Cristian Moreno-Rodriguez speaks to an audience. Photo courtesy of El Pueblo Unido Facebook

“Being born and raised by this community, we understand the everyday struggles that our community members suffer from, often in silence,” Cristian Moreno-Rodriguez said. “But we also know that there is a severe lack of resources and community outreach that has been dedicated to solving our communities’ underlying problems.

“Currently, whatever resources and information that are available to the general public have been difficult for our community to access due to language barriers, legal barriers, a lack of awareness and a lack of trust in service providers.

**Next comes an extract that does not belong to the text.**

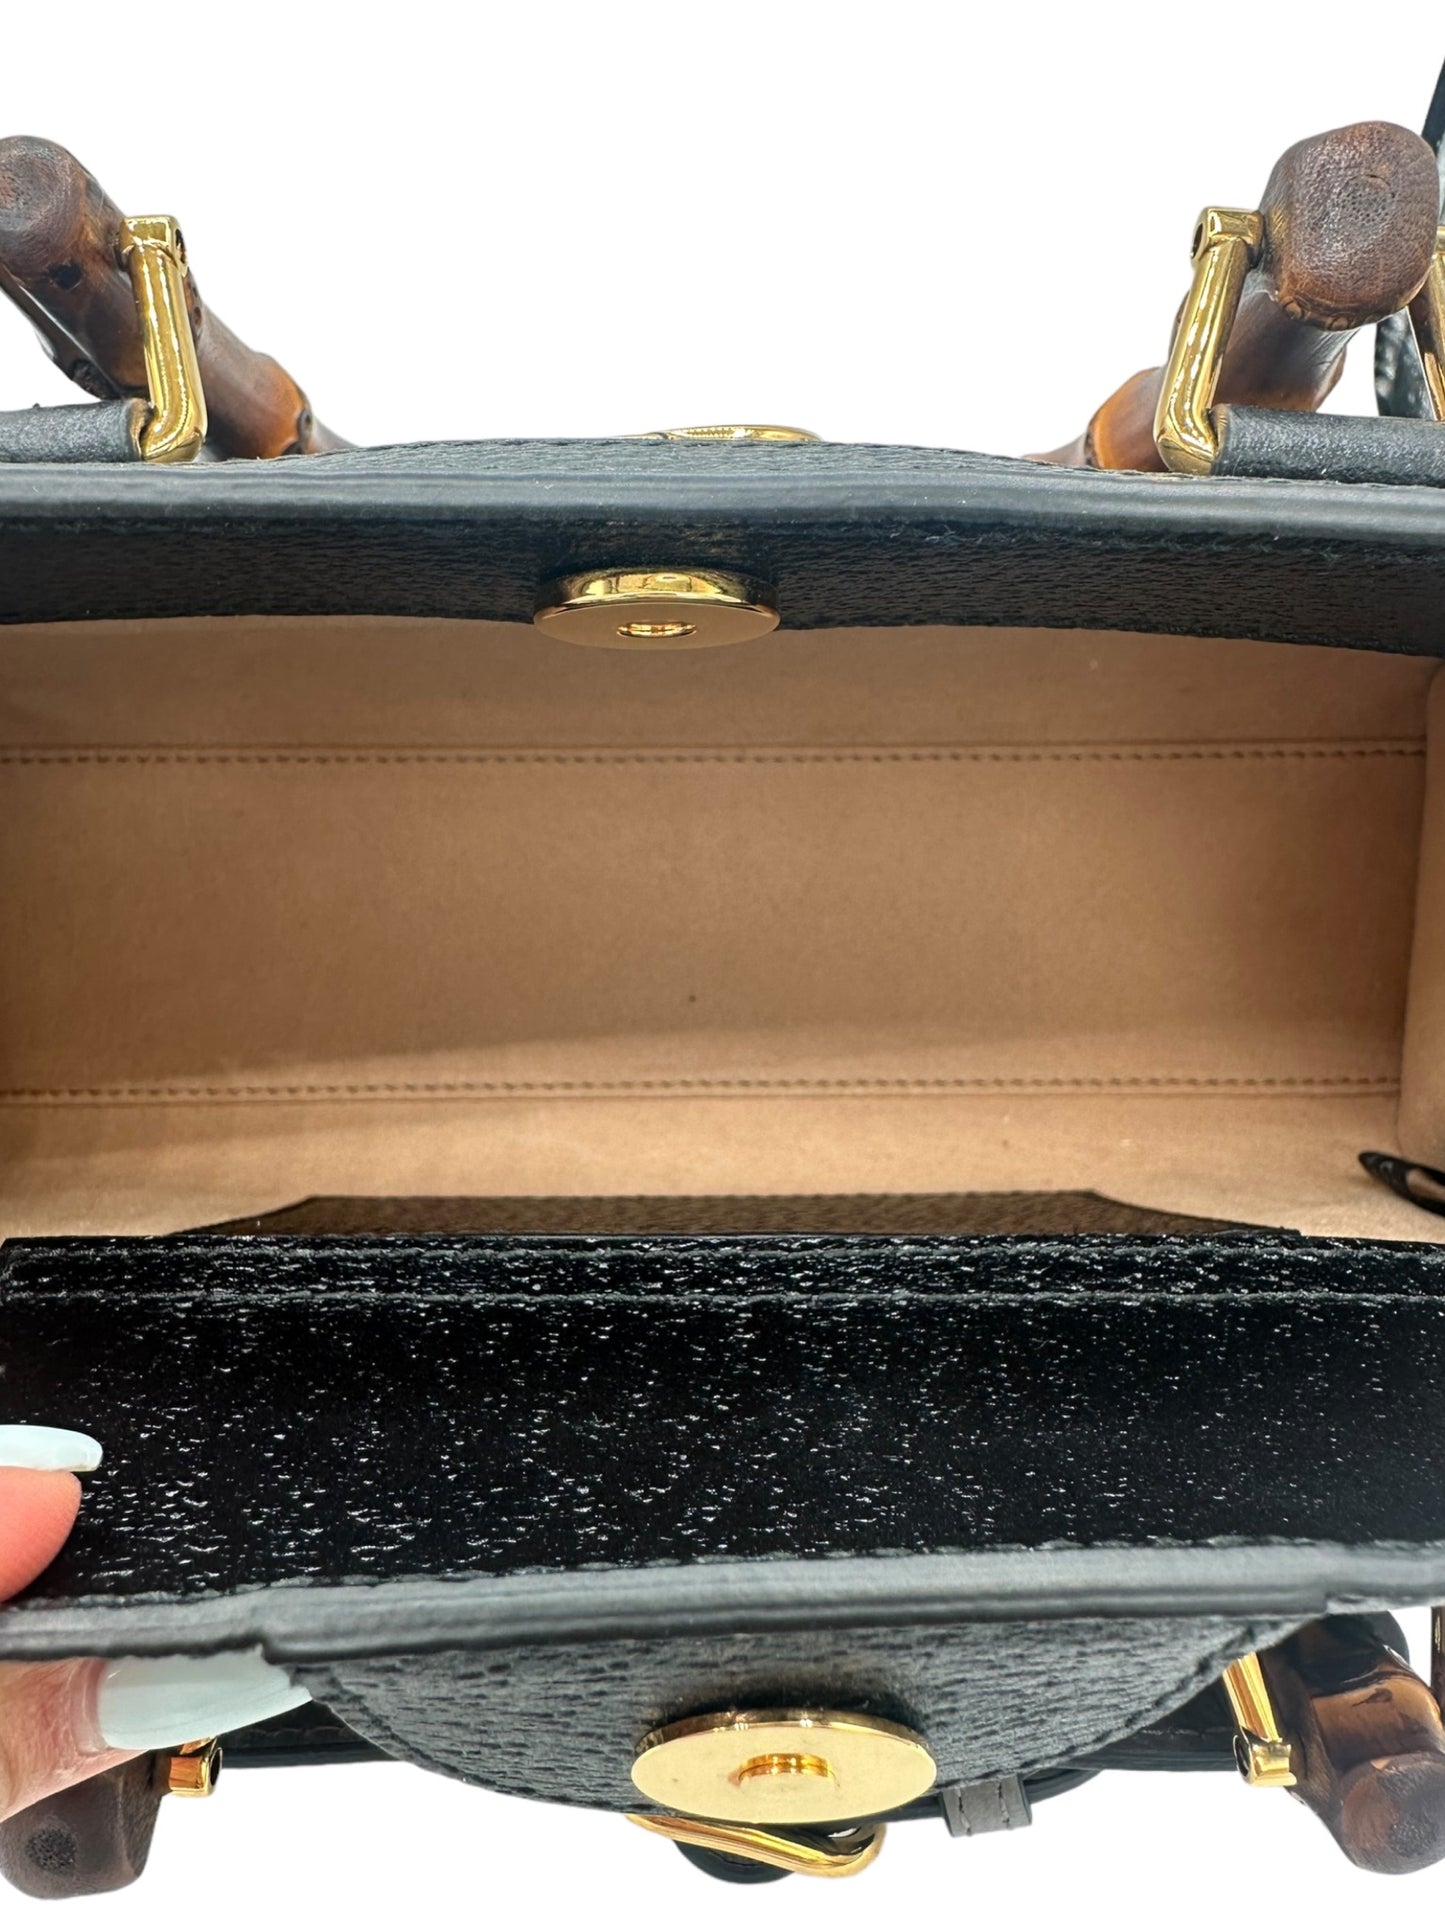 GUCCI - Black Leather Small Diana Shoulder Bag

This community needs assessment seeks to expose this marginalization in order to address it head-on.”

He said, though, many of the community members feel that no one has been genuinely advocating for them in decision-making spaces and behind closed doors, especially when it comes to allocating resources – and El Pueblo seeks to change that.

“Atlantic City and Pleasantville have seen notable changes in demographics in recent decades, with prominent growth among migrant communities,” Robin Hernandez-Mekonnen, associate professor of social work at Stockton University and principal investigator of community needs assessment.

“It is socially responsible for these municipalities to understand and address unmet needs of its residents, to ensure the well-being of the community.”

El Pueblo Unido of Atlantic City Y Pueblos Cercanos is a New Jersey nonprofit dedicated to empowering marginalized immigrants from Atlantic City and Nearby Towns in order to create a more Just and Inclusive community, one that respects the rights and dignity of all immigrants.

El Pueblo Unido’s work specifically focuses on Immigrant Justice, Tenant Justice, Worker Justice, and Student Justice and seeks to empower the immigrant community through Transformative Education, Community Resource Development, Legal Defense, Civic Engagement, and Community Organizing.